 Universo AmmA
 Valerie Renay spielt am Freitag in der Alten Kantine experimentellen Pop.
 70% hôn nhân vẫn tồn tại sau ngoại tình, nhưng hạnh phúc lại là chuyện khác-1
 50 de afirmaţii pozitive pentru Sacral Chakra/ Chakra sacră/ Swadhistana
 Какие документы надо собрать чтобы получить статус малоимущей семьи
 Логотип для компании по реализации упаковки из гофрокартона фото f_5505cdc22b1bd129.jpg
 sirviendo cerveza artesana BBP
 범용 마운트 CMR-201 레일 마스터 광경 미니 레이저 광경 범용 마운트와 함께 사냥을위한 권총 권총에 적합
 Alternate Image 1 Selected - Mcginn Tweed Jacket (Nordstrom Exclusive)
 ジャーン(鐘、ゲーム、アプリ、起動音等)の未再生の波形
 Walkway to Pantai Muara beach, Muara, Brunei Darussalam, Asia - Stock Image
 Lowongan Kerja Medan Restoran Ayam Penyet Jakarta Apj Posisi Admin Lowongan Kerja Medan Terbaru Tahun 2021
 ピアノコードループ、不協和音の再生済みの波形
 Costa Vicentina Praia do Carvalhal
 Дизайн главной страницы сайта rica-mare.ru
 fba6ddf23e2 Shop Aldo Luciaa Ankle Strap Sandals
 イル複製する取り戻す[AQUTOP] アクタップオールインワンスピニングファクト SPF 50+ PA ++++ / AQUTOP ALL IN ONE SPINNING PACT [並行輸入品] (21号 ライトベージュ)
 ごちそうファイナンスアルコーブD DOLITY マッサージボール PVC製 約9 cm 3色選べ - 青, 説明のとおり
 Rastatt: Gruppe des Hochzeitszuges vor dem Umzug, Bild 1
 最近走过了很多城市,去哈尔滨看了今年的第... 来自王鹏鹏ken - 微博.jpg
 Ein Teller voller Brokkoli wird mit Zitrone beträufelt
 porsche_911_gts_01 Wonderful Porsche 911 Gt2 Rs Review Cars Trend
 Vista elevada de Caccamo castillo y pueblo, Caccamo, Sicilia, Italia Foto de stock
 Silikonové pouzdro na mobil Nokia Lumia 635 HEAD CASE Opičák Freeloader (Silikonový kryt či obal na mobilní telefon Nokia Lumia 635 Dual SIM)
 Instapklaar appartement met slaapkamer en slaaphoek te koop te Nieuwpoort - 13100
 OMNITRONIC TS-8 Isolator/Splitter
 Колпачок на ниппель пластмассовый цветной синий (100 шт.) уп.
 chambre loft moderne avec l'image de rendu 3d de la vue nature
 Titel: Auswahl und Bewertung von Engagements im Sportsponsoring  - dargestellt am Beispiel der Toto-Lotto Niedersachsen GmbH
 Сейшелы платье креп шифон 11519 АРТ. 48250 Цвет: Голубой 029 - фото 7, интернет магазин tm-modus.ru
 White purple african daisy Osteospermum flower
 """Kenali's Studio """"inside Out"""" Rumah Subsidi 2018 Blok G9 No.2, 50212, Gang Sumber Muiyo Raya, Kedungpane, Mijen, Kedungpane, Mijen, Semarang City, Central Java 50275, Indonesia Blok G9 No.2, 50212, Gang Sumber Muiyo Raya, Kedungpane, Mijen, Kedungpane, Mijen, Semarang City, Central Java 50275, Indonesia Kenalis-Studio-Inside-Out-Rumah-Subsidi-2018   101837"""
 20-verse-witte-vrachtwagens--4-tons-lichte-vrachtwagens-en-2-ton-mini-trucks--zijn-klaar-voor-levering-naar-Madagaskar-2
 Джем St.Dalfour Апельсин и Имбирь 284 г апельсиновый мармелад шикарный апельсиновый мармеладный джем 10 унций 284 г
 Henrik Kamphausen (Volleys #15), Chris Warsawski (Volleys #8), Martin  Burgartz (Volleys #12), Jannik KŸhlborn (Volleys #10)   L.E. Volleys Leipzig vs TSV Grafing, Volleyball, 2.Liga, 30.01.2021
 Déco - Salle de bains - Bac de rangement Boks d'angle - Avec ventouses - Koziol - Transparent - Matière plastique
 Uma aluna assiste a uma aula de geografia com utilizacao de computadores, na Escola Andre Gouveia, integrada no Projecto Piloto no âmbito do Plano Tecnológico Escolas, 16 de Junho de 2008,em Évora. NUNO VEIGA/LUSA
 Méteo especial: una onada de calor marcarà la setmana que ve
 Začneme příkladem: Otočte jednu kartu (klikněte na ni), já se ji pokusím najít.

**DESCRIPTION OF THE TASK**
Could you restate word for word the lines above from the one containing "70% hôn nhân" through the one containing "Какие документы надо", both included, and nothing else?

**EXERCISE SOLUTION**
 70% hôn nhân vẫn tồn tại sau ngoại tình, nhưng hạnh phúc lại là chuyện khác-1
 50 de afirmaţii pozitive pentru Sacral Chakra/ Chakra sacră/ Swadhistana
 Какие документы надо собрать чтобы получить статус малоимущей семьи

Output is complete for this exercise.